Agent tools¶
This page is a reference for the system tools the agent itself can call during a
run — the functions it uses to write and execute notebooks, publish datasets/charts/reports,
read files, and signal that a turn is done. It also documents the primitives those tools are
built from: the @toolmethod decorator, the Tool/ToolMethod/ToolResult classes, and the
Tools registry.
These tools are internal to the agent loop — you do not call them yourself. The agent
selects and invokes them via the LLM as it works toward an answer. You observe the calls as
ToolEvent entries in the event stream and consume their published artifacts via
AgentResult. Understanding the catalog is useful when you are embedding the agent
in a host, declaring your own tools, or interpreting tool events.

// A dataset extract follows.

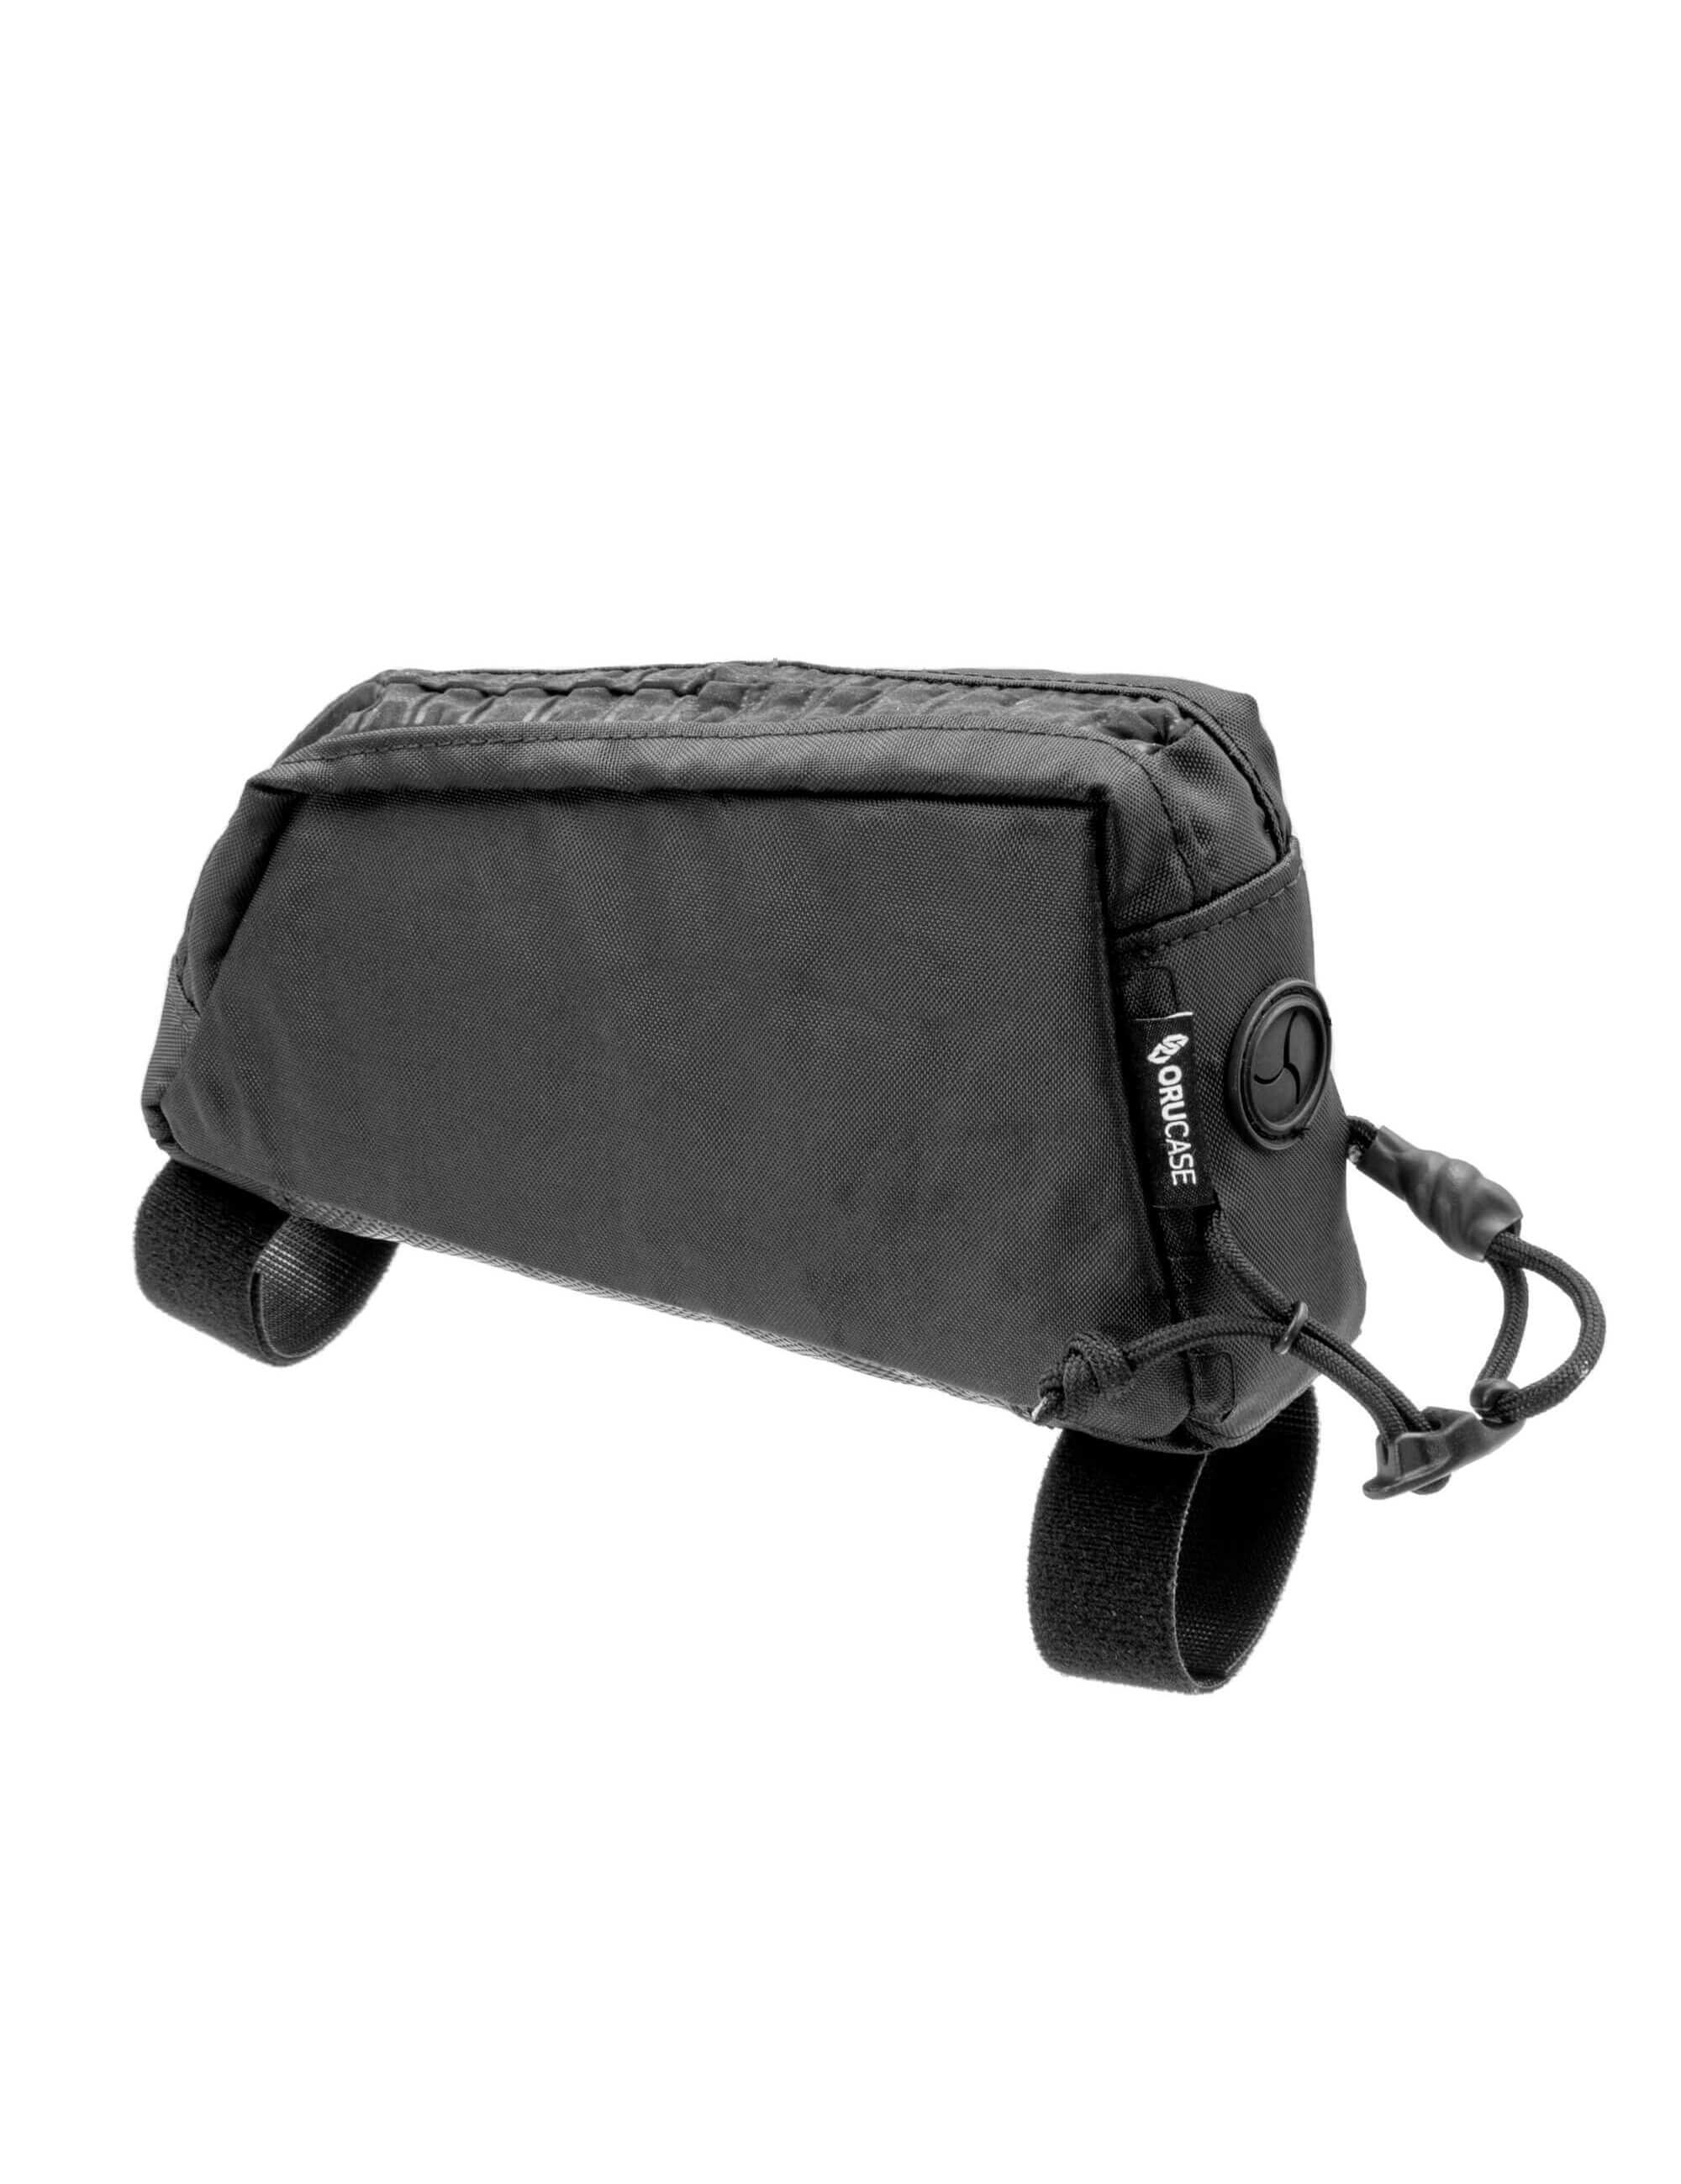 Top Tube Bag Accessories Black - Orucase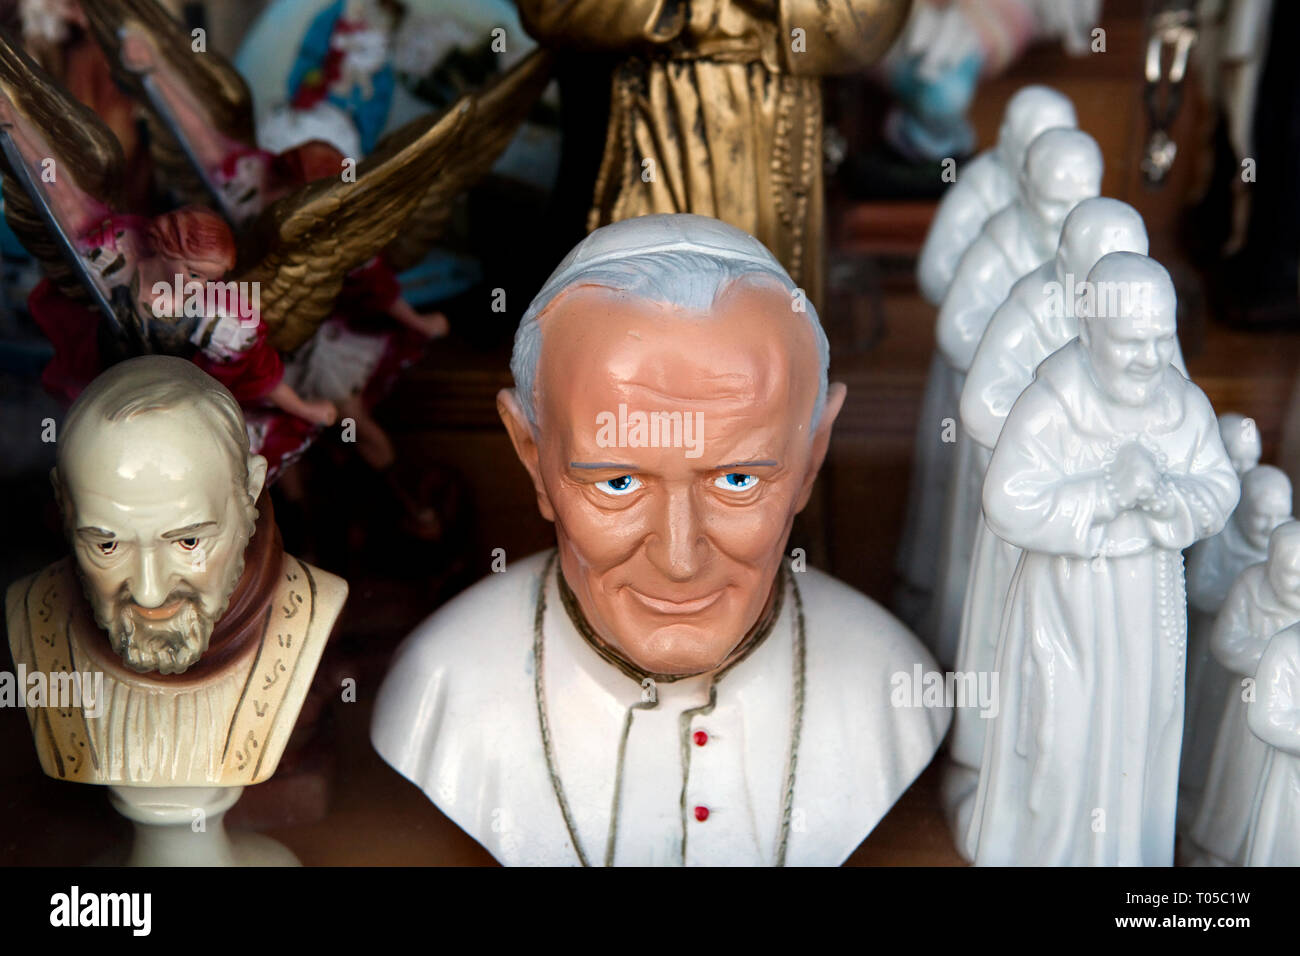 SAN GIOVANNI ROTONDO - Statuen von Papst Johannes Paul II. und Pater Pio im Souvenirshop. Stockfoto

For how a single run drives these tools, see How it works: the agent loop. For the published outputs, see Artifacts, identity & lineage.
The @toolmethod decorator and tool_type taxonomy¶
Every tool the agent can call is declared as a method on the Agent class, decorated with
@toolmethod. The decorator captures the tool's JSON-Schema contract and metadata, and registers
the method into the agent's system_tools registry so the loop can dispatch calls by name.
The decorator signature (all arguments are keyword-only in practice):
def toolmethod(
*,
name: str,
description: str,
parameters_schema: dict[str, Any],
tool_type: str, # "code" | "utility" | "return" | "system"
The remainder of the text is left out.